Because the intercepted telephone calls never mentioned controlled substances directly, the defendant suggests that the affiant was required to report that the statement was his interpretation of the telephone calls and to include actual excerpts of the intercepted calls so that the magistrate could determine for himself whether the calls, in fact, indicated an illicit drug conspiracy.
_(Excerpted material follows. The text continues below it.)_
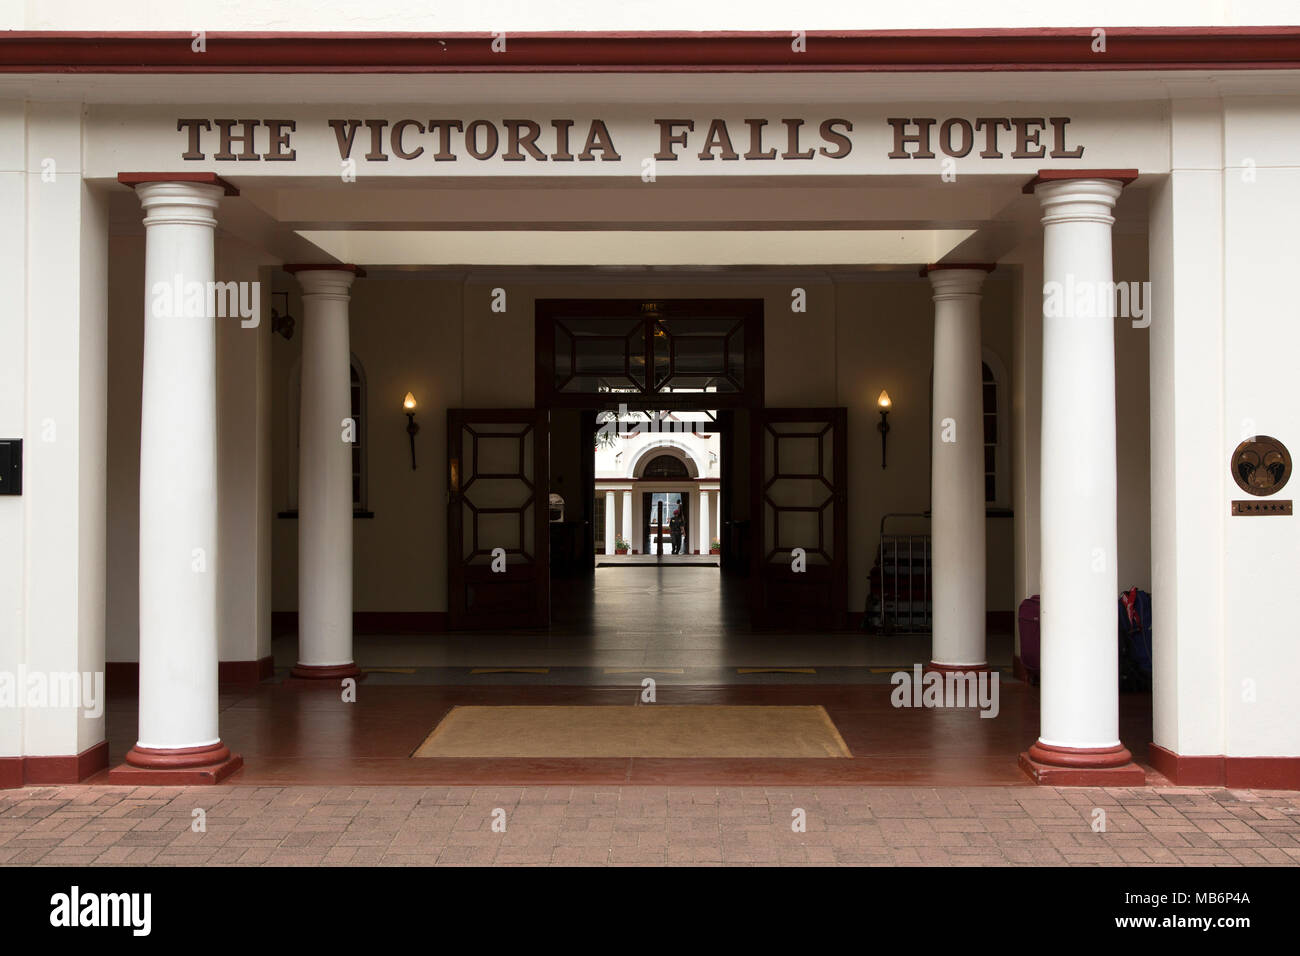 Entrance of the Victoria Falls Hotel at Victoria Falls, Zimbabwe. The luxury hotel opened in 1905. Stock Photo

Although the defendant’s argument is not without some support, see State v. Moccia, 119 N.H. at 174, 400 A.2d at 47-48, we conclude that the issuing magistrate, in the case before us, had a sufficient factual basis upon which to determine probable cause. The affiant’s allegation that the alleged participants were referring to drugs was corroborated by the seizure earlier on that day, January 22, 1982, of approximately fifteen hundred pounds of marijuana from the truck of James McCloy, a suspected co-conspirator. This seizure occurred after and as a result of an intercepted communication between Andrews and McCloy which, to the affiant, indicated that McCloy would go to Massachusetts to pick up approximately one thousand pounds of marijuana and return to his residence in Maine to store and distribute the marijuana. McCloy was followed to Massachusetts and was stopped when he re-entered New Hampshire. His truck was searched and was found to contain approximately fifteen hundred pounds of marijuana.
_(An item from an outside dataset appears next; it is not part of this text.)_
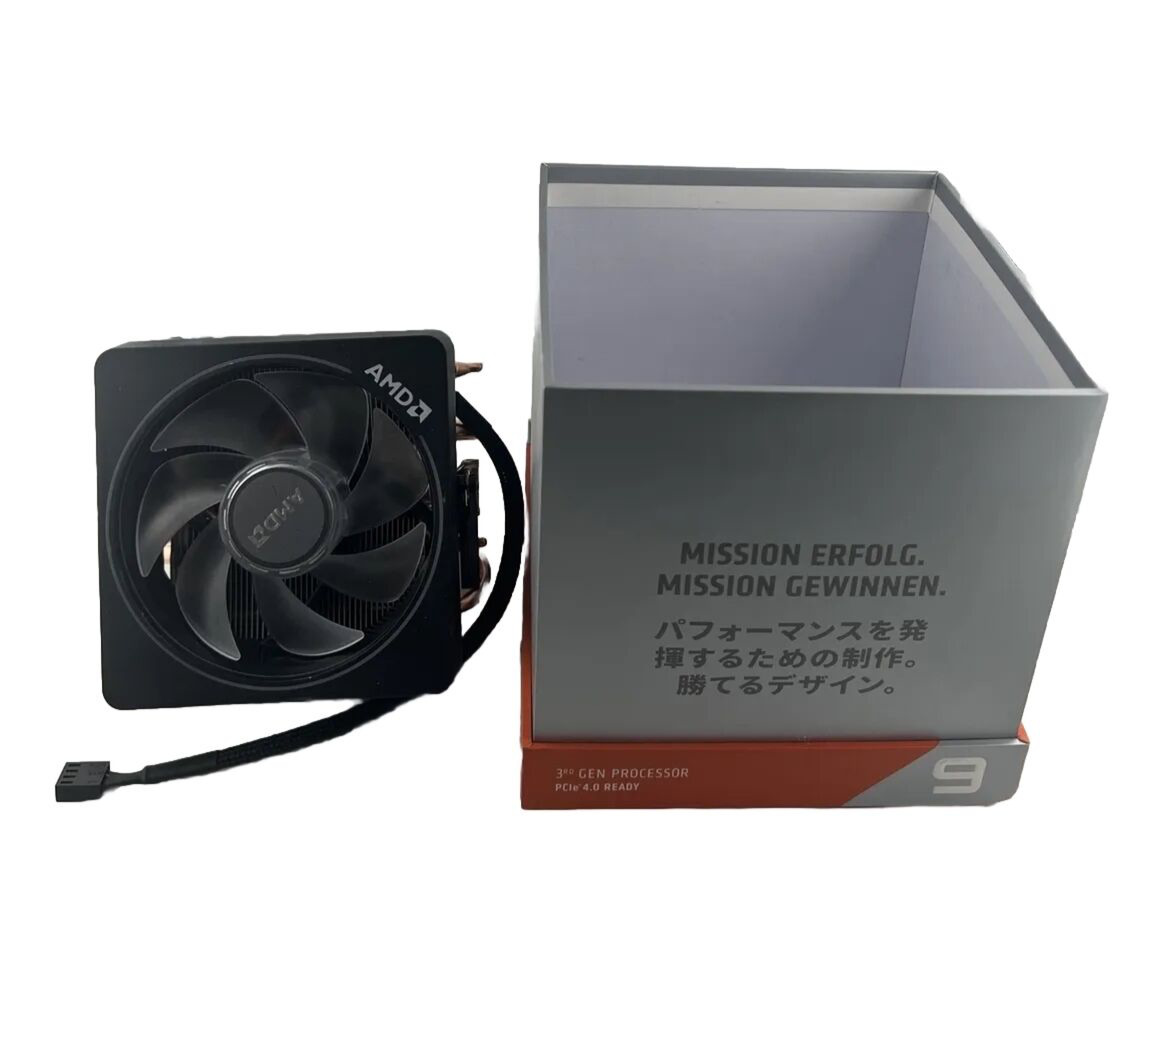 AMD Ryzen 9 AM4 3rd Gen AMD CPU FAN and box ONLY. CPU NOT INCLUDED

*169All of this information, regarding the telephone calls between Andrews and McCloy and the search of McCloy’s truck, was in the affidavit before the magistrate. This information provided corroboration for the affiant’s interpretation of the telephone calls and adequately documented the link between McCloy and Andrews. We conclude that the affidavit demonstrated probable cause to support the issuance of the search warrant.
Affirmed.
Souter, J., did not sit; the others concurred.